Distal hereditary motor neuropathies (dHMN), also referred to as distal SMA, manifest motor-dominant axonal neuropathy. This group shares several gene mutations with CMT2 [11,12]. Nevertheless there is no pathological evidence to differentiate whether our case is proximal SMA or dHMN, although electrophysiological findings and the distribution of amyotrophy suggest proximal SMA phenotype.

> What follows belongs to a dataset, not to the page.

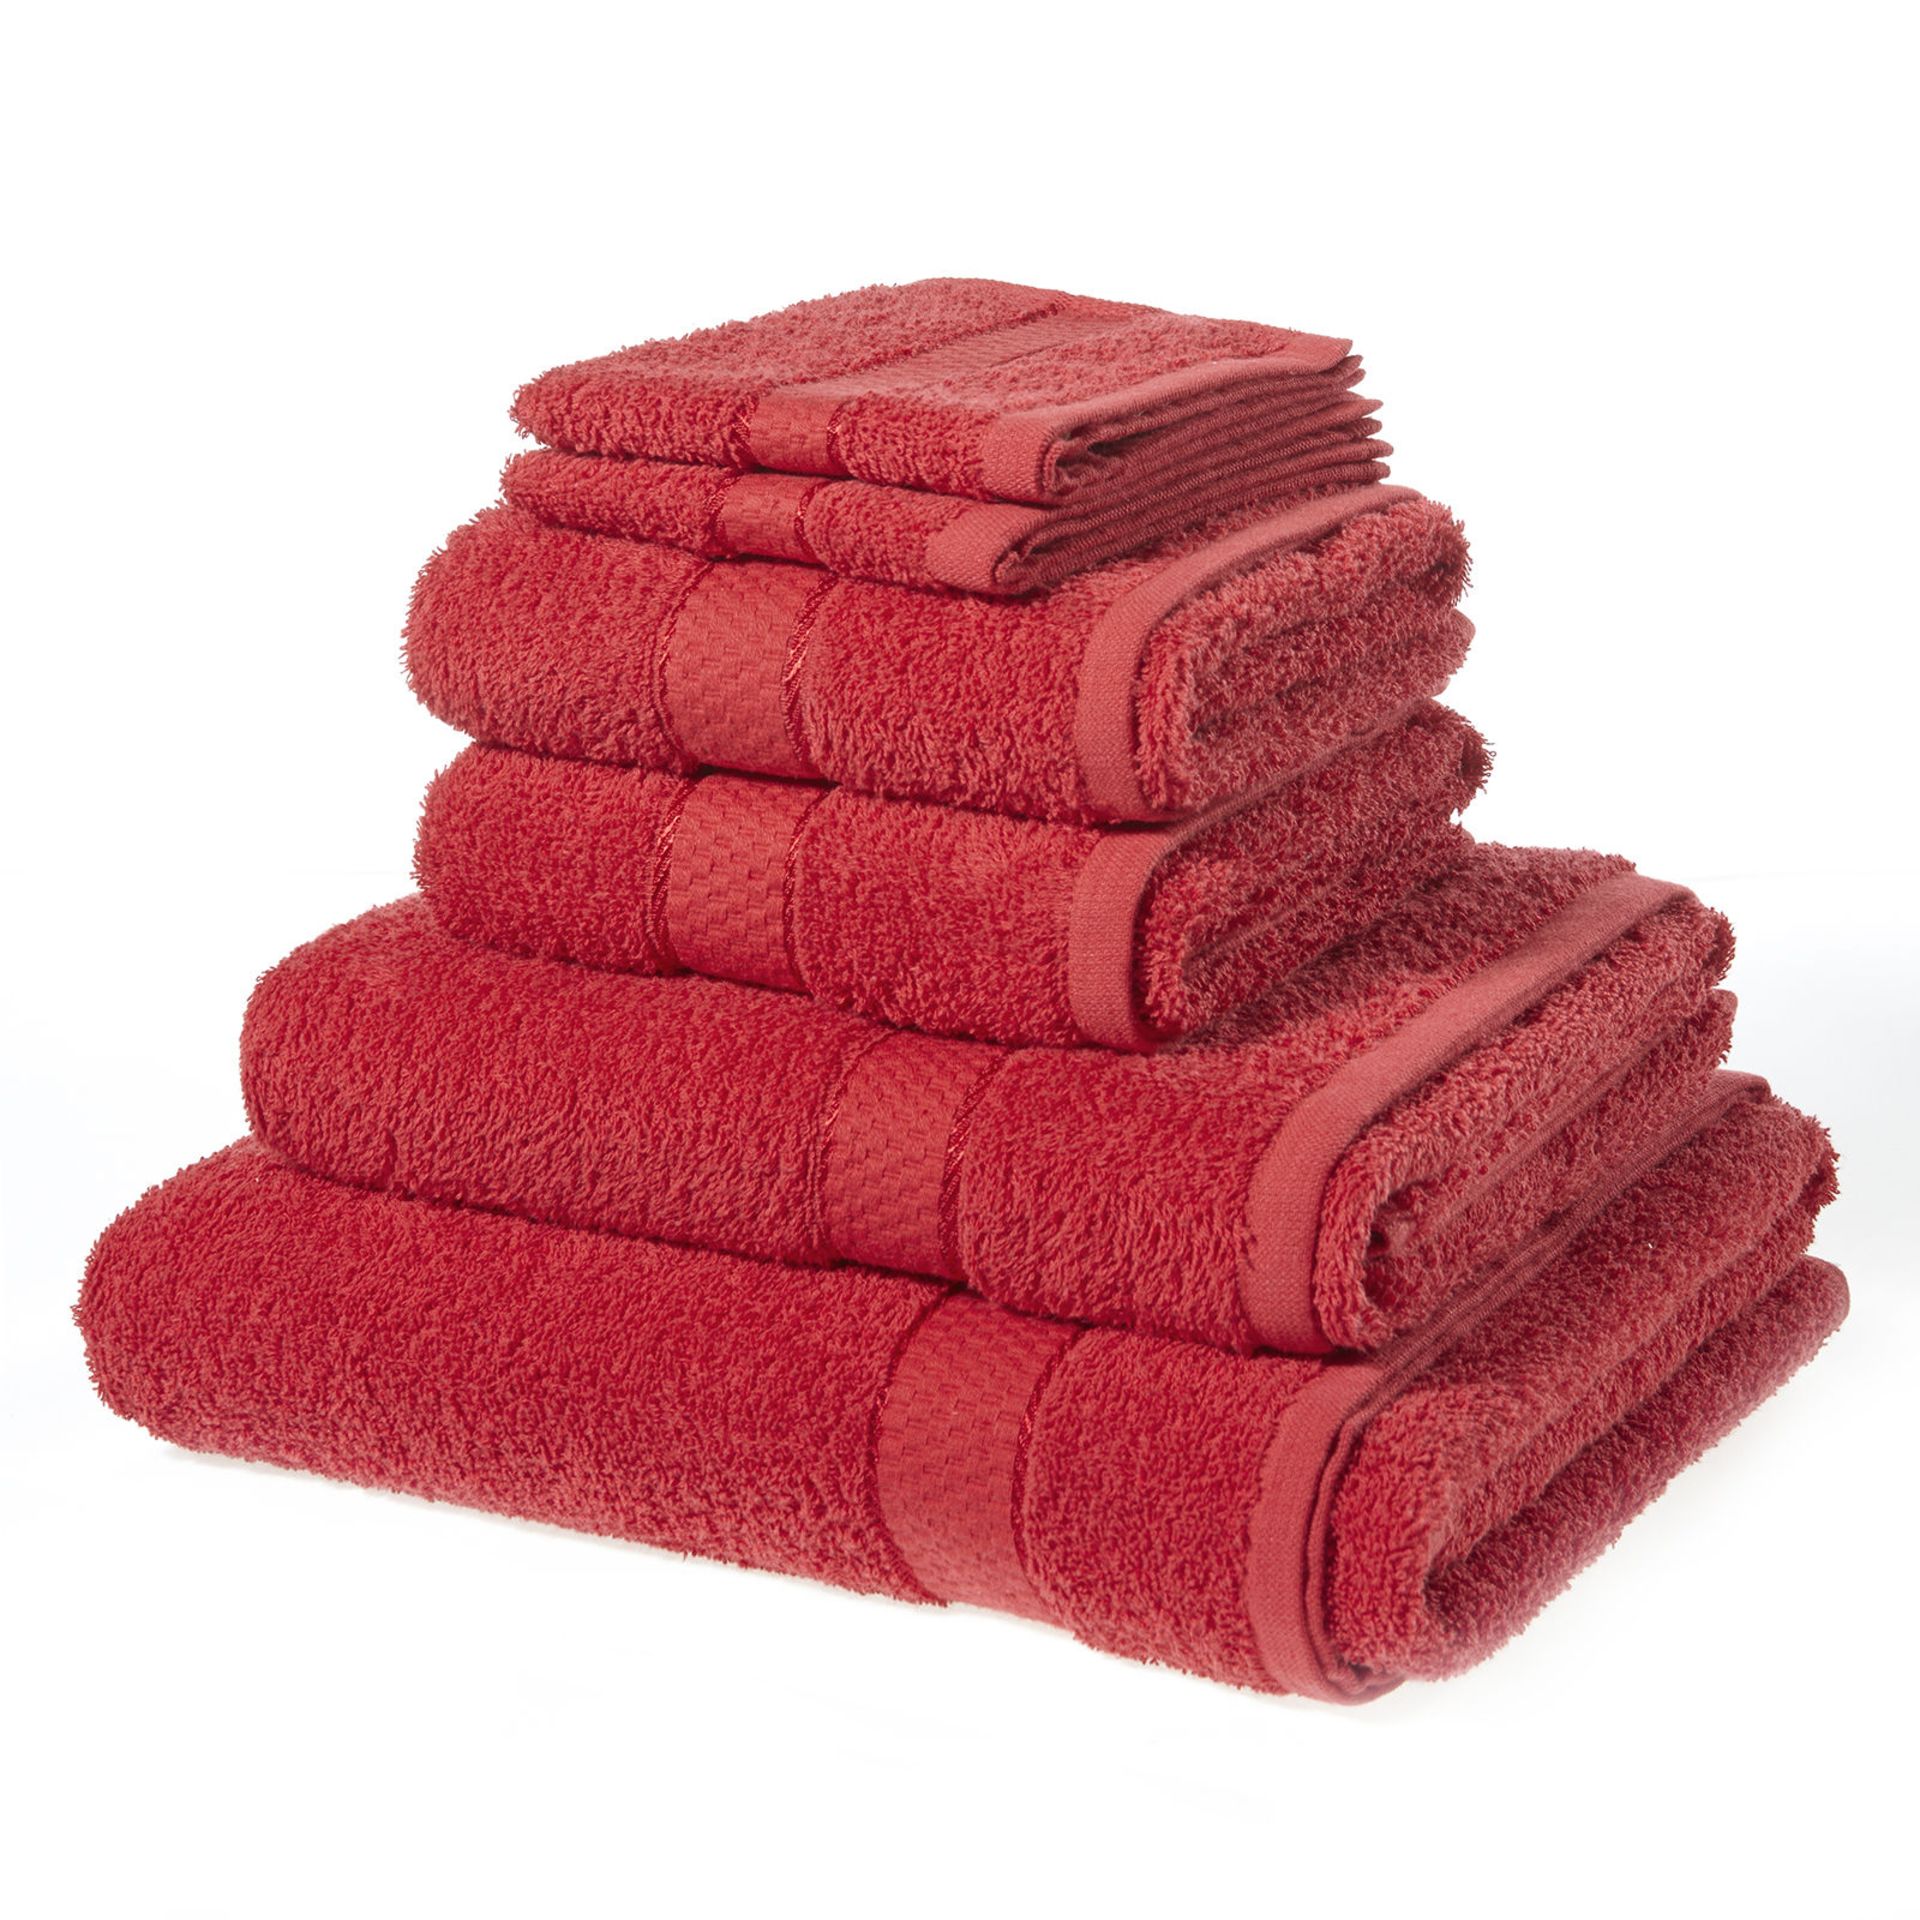 V Brand New Red 6 Piece Towel Bale Set With 2 Face Towels - 2 Hand Towels - 1 Bath Sheet - 1 Bath
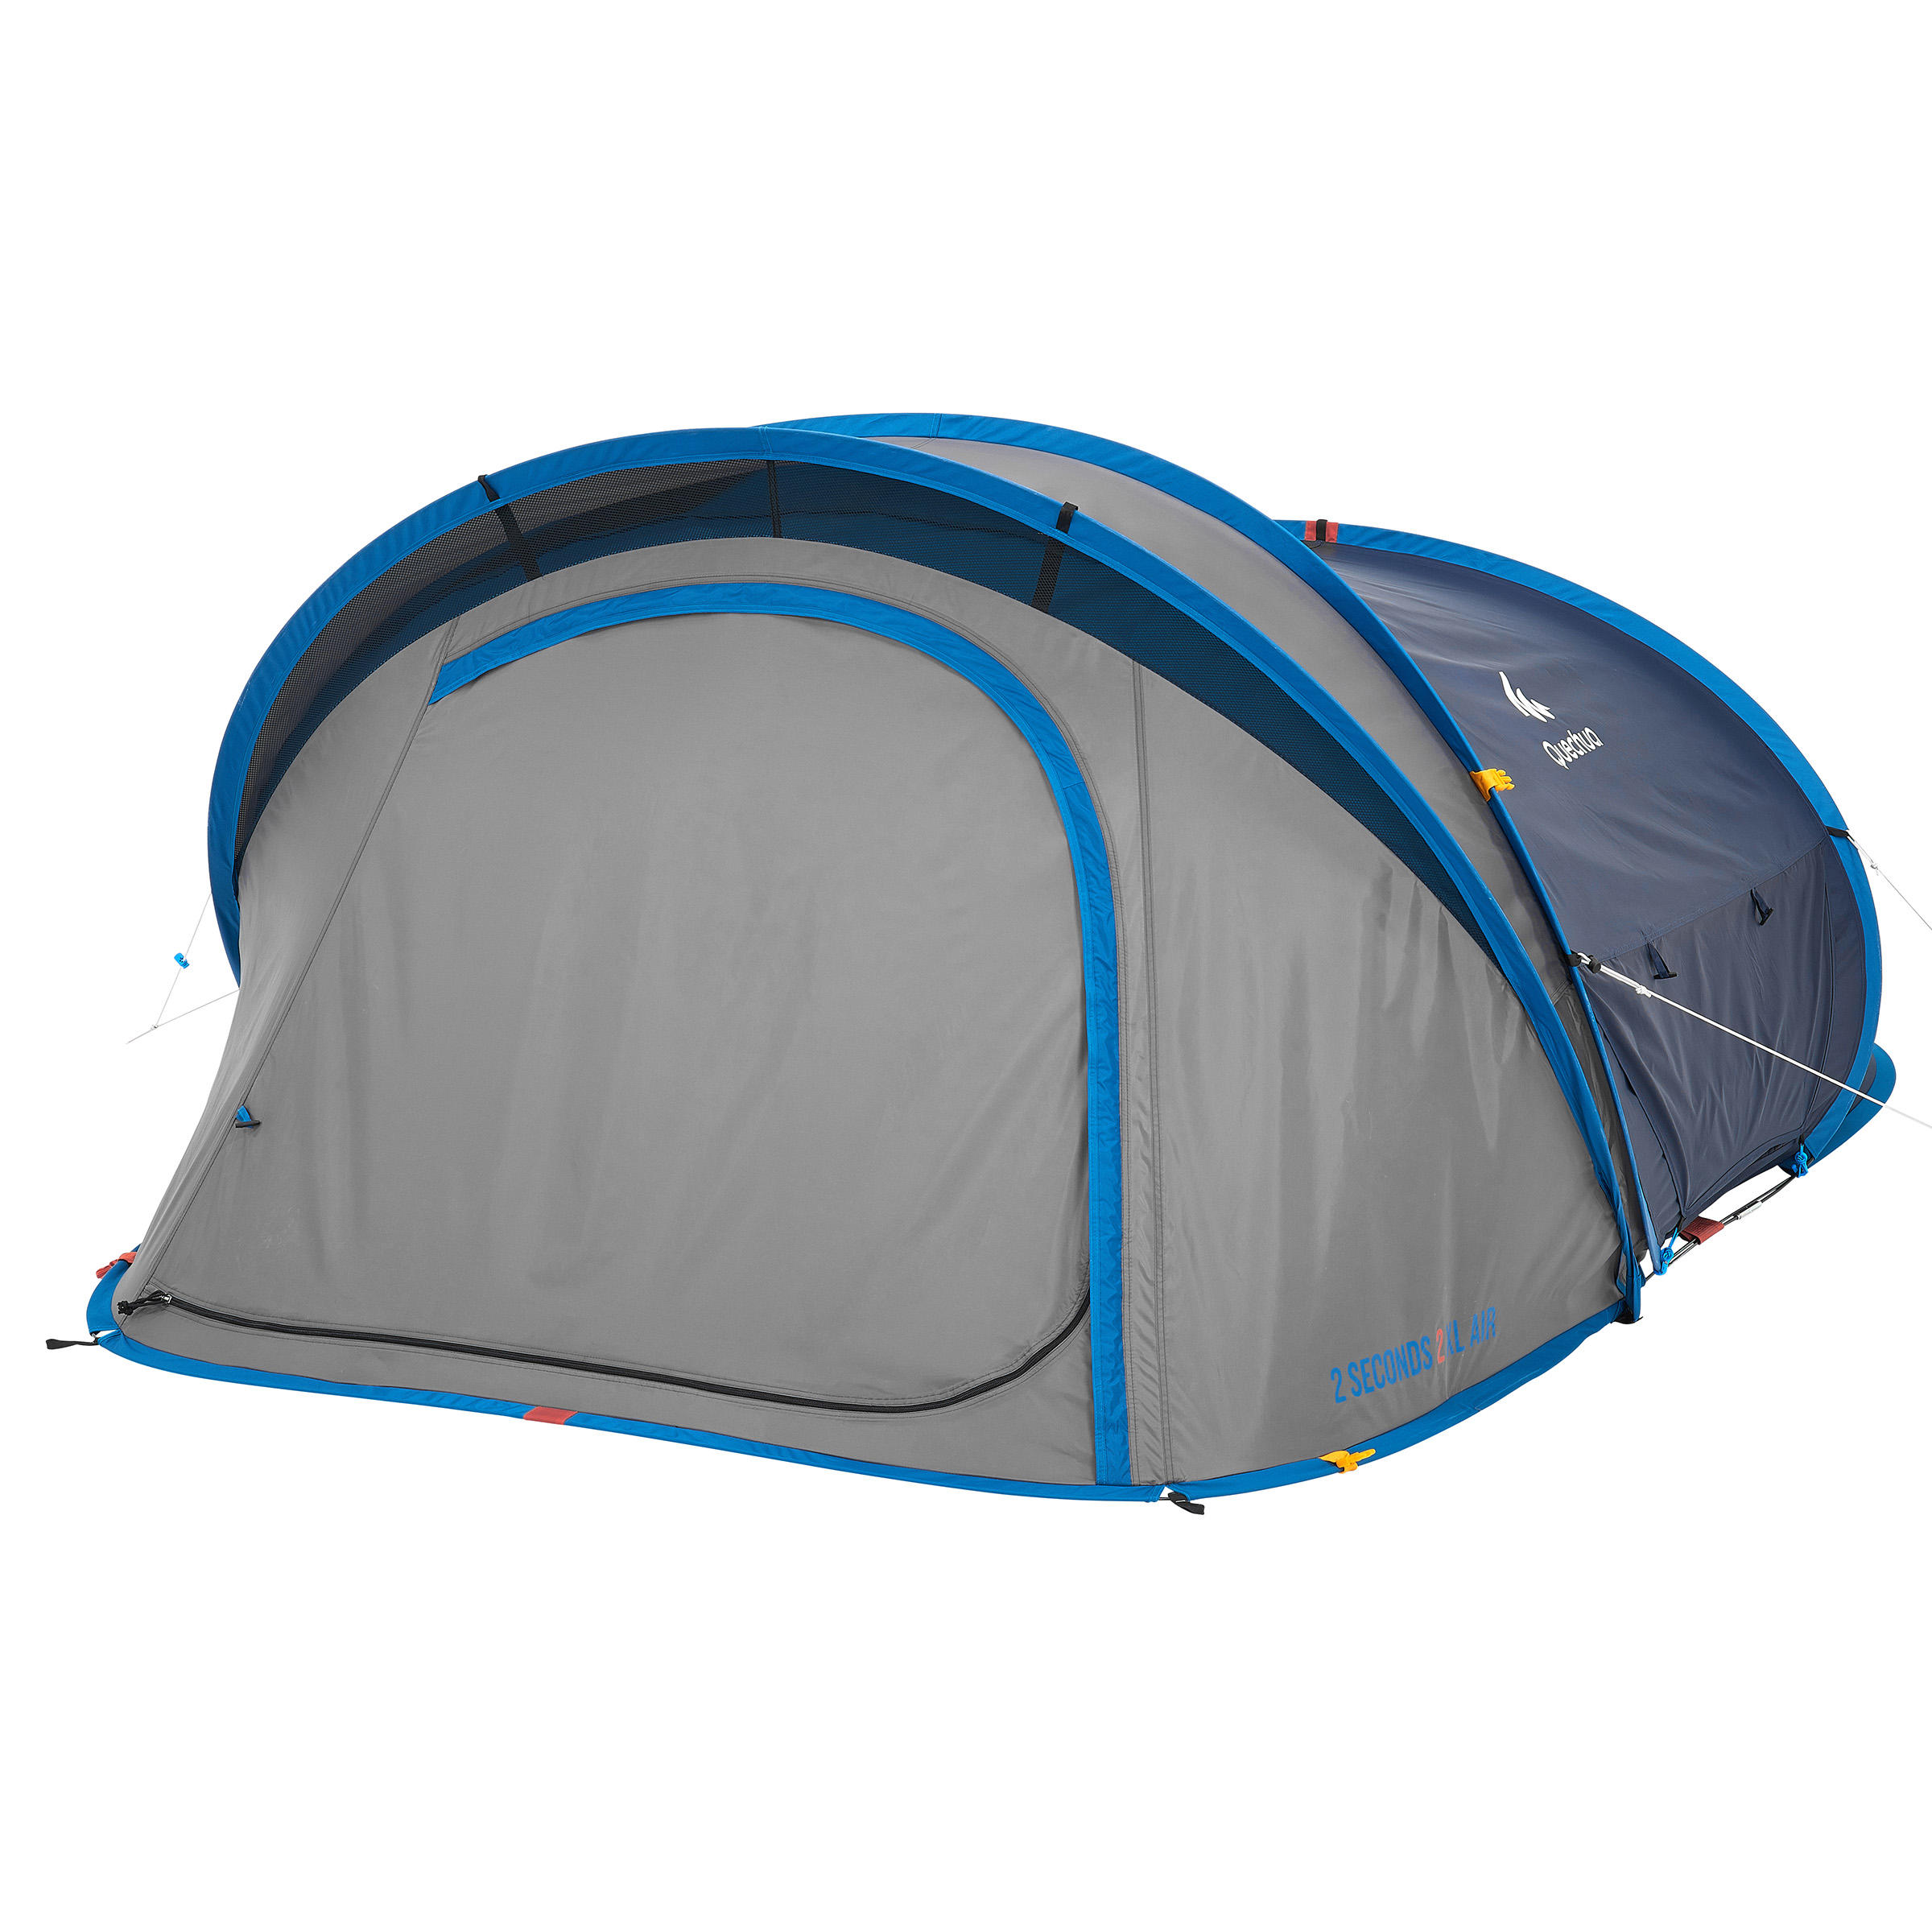 2 Seconds 2 XL Air Tent Flysheet and Poles 1/1

Two missense mutations of LMNA; E33D and R298C, have been reported in CMT2B1 [13,14]. They are associated with abolished deep tendon reflex and amyotrophy mainly affecting lower limbs. A combined phenotype with cardiac complications such as arrhythmia and cardiomyopathy is possible [13]. Interestingly, some cases of CMT2B1 due to LMNA mutations show amyotrophy in proximal limbs [13]. In these cases, degeneration of neurons in the anterior horn of spinal cord is suspected. The mechanisms underlying neuropathy and neuronopathy of lower motor neurons may be different.

Conclusions

We report a novel LMNA mutation in a patient with juvenile-onset SMA-like gait disturbance, combined with cardiac diseases including atrioventricular block and cardiac hypofunction with family history of sudden death. The previous report indicating the nonsense and missense LMNA mutation can induce SMA phenotype with cardiomyopathy [6] ensures our similar phenotype case with novel nonsense LMNA mutation is worth reporting even though genotype-phenotype cosegregation could not be demonstrated due to lack of family samples. In cases of SMA clinical presentation/phenotype without SMN1 deletion, careful cardiac work-up should be conducted and LMNA gene analysis should be considered especially when the family history is compatible with a neuromuscular disease and/or an unexplained cardiopathy and/or when sudden death are present.

Consent

Written informed consent was obtained from the patient for publication of this case report. Additionally, informed consent was obtained for genetic analysis. A copy of the written consent is available for review by the Editor of this journal.